Coordination failures	Agents may produce contradictory outputs, duplicate work, or deadlock waiting on each other
Sub-task specification quality	If the orchestrator decomposes the task incorrectly, all workers fail — but worker metrics look fine
Emergent errors	No individual agent is wrong, but their combined outputs produce an incorrect result
Communication overhead	Agents may pass malformed or incomplete context to each other, silently degrading quality

2.2 Evaluation Levels¶

Multi-agent systems must be evaluated at three levels simultaneously:

System Level      →  Did the overall task succeed?
       ↓
Orchestrator Level →  Was the task decomposition correct?
                       Were sub-tasks well-specified?
       ↓
Worker Level       →  Did each agent complete its sub-task correctly?
                       Did it use the right tools?

Evaluating only at the system level misses orchestrator failures. Evaluating only at the worker level misses coordination failures.

2.3 Metrics¶

System-level:

Metric	Definition
End-to-end TCR	Fraction of high-level tasks fully solved by the system
Coordination efficiency	Steps taken / minimum steps needed (measures redundant or duplicated work)
Time-to-completion	Wall-clock time accounting for parallel agent execution

Orchestrator-level:

Metric	Definition
Decomposition correctness	Are the sub-tasks necessary and sufficient for solving the high-level task?
Sub-task specification quality	Are worker instructions precise enough that each worker can execute without ambiguity?
Synthesis quality	Does the orchestrator correctly combine worker outputs into a coherent final answer?

Worker-level:

Same metrics as single-agent: TCR per sub-task, tool call accuracy, grounding rate.

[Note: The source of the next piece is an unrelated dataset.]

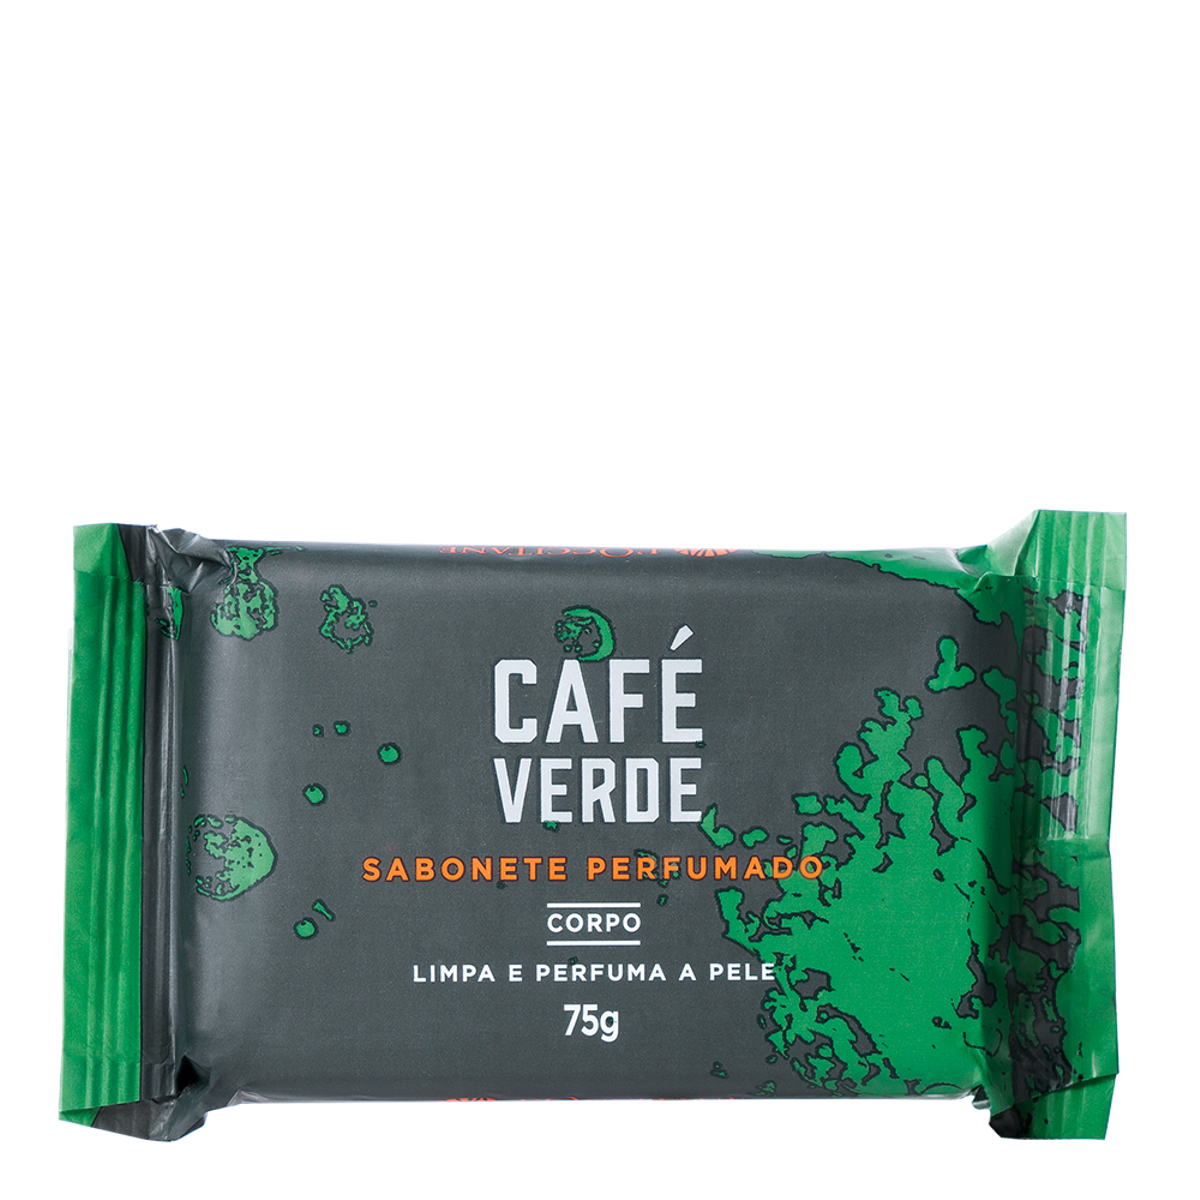 Sabonete Perfumado Café Verde, ,  large

Inter-agent communication:

Metric	Definition
Message faithfulness	Does what one agent communicates to another accurately reflect what it found?
Redundancy rate	What fraction of tool calls across agents duplicate work already done by another agent?
Contradiction rate	How often do workers produce outputs that directly contradict each other?

2.4 Coordination Failure Patterns¶

Deadlock: Agent A waits for Agent B's output before proceeding; Agent B waits for Agent A. No progress is made.

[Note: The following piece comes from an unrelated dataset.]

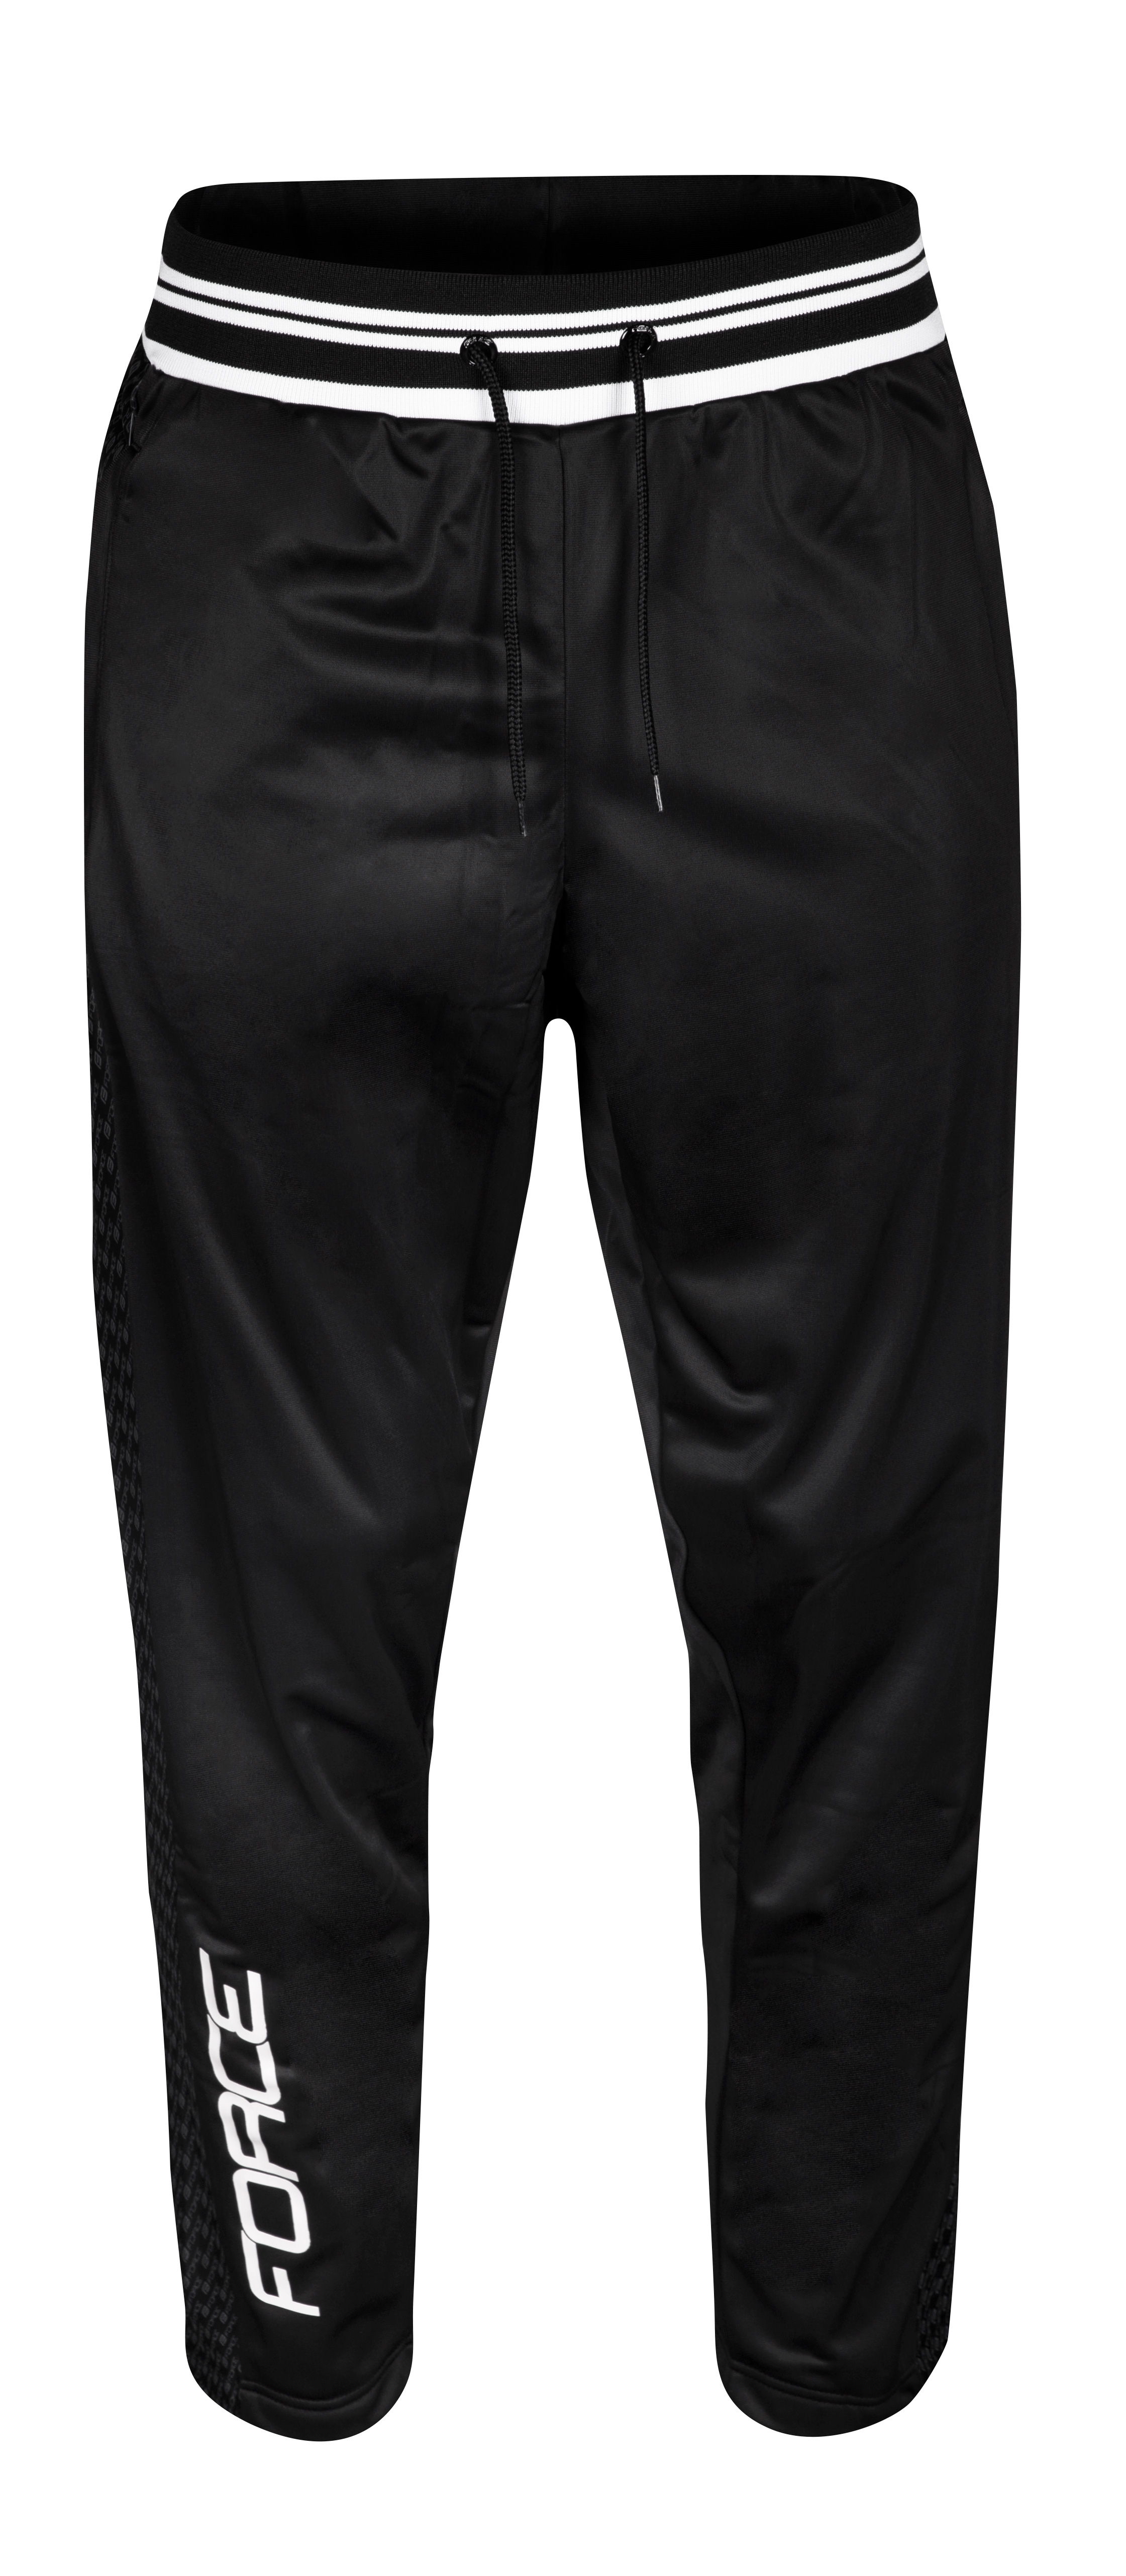 kalhoty/tepláky FORCE 1991, černé

Redundant execution: Two workers independently call the same tool with the same arguments because the orchestrator didn't share intermediate results.

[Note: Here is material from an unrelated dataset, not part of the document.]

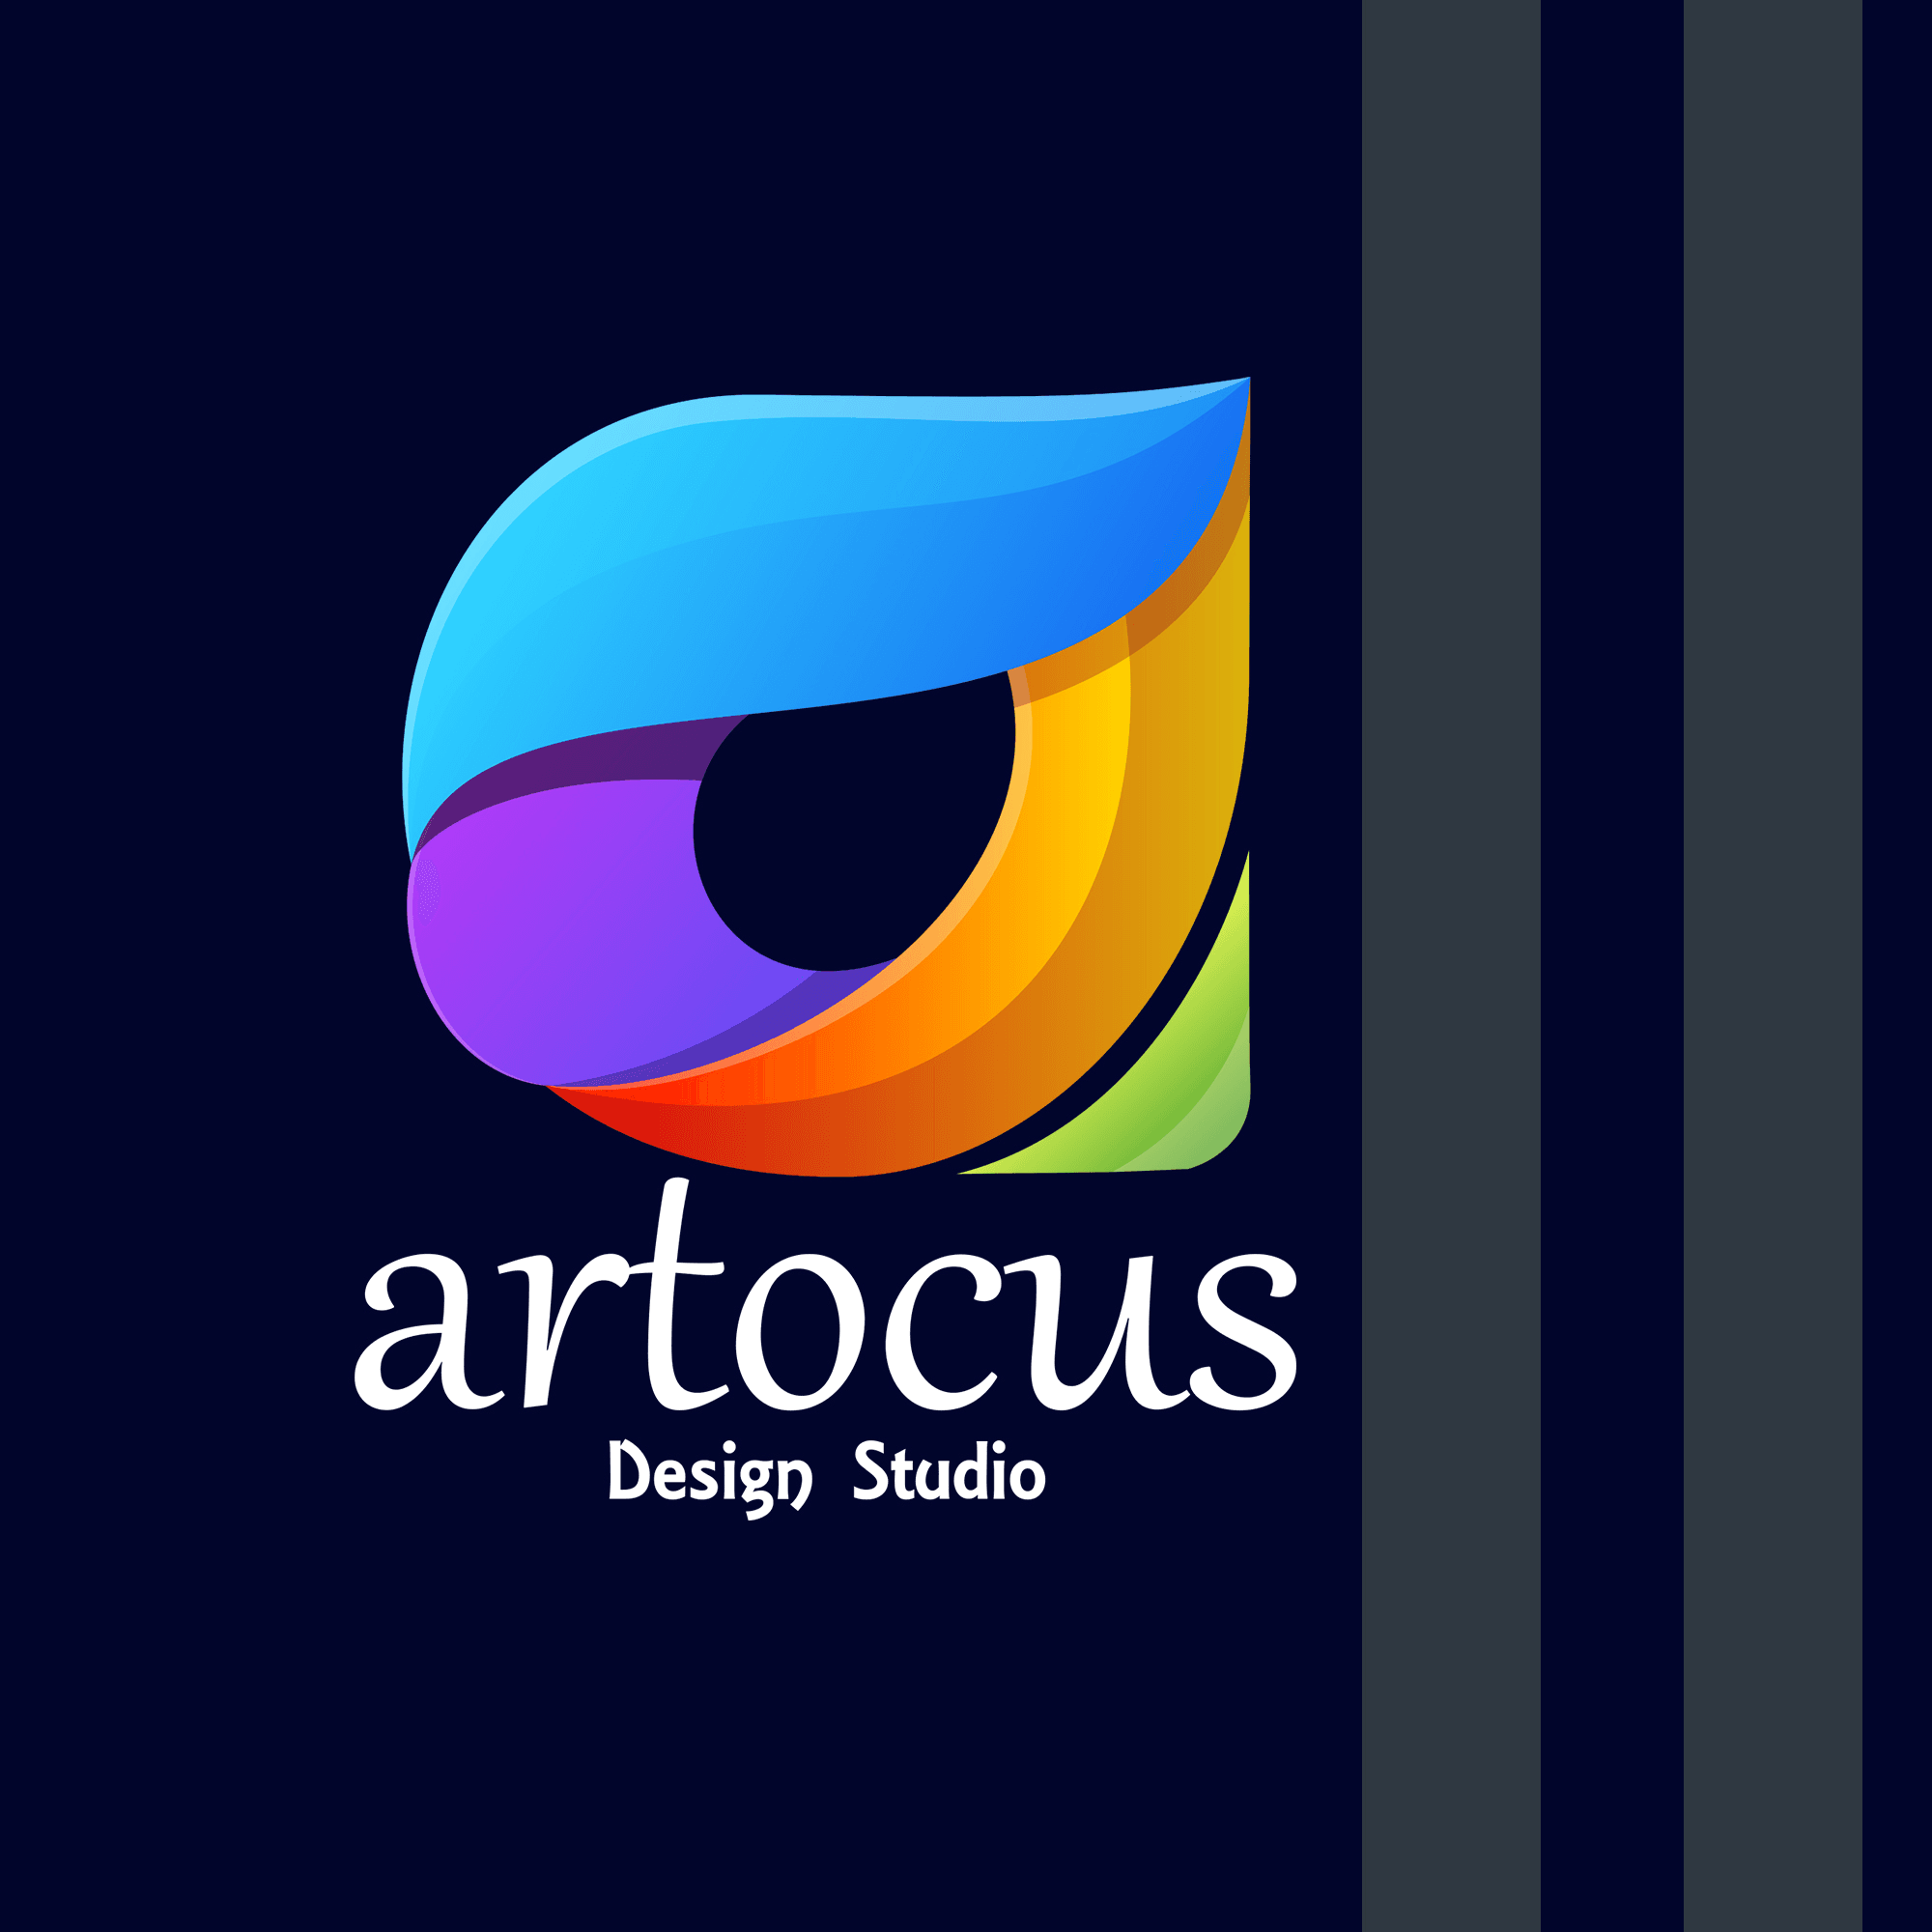 Artocus_Design_Studio

Contradictory outputs: Worker A concludes X; Worker B concludes ¬X. The orchestrator synthesises an incoherent answer or picks arbitrarily.

Context loss at handoff: Worker A produces a correct result but communicates it to Worker B incompletely (truncation, missing metadata). Worker B makes decisions on degraded information.

Detection: Log all inter-agent messages. Compare what each agent claims to have received vs. what the sending agent actually produced.

2.5 Multi-Agent Benchmarks¶

Dedicated multi-agent benchmarks are still emerging. Current options:

Benchmark	Notes
GAIA (multi-agent mode)	Tasks too complex for one agent; measures system-level completion
AgentBench (multi-agent tracks)	Some environments support multi-agent execution
ChatDev / SWE-bench (pipeline agents)	Software development with specialised coder/reviewer/tester agents
CAMEL role-playing dataset	Evaluates cooperative reasoning between two agents assigned complementary roles

Multi-agent benchmarks are significantly less mature than single-agent benchmarks. Most production teams build custom internal evaluation suites using their actual task distribution.

2.6 Practical Evaluation Strategy¶

Because public multi-agent benchmarks are limited, a pragmatic approach is:

Decompose into sub-task unit tests. For each worker agent type, build a targeted eval set for its sub-task (e.g., "does the research agent reliably retrieve the right document?"). These are cheap and fast.
Sample full end-to-end traces. Run the full multi-agent system on a representative task set and human-review complete traces for a sample of failures.
Inject faults. Deliberately provide a worker with a malformed input or wrong tool result, and check whether the orchestrator detects and recovers — or propagates the error silently.
Monitor in production. Log all inter-agent messages and outcomes. Contradiction rate, retry rate, and step count are the most informative signals for ongoing health.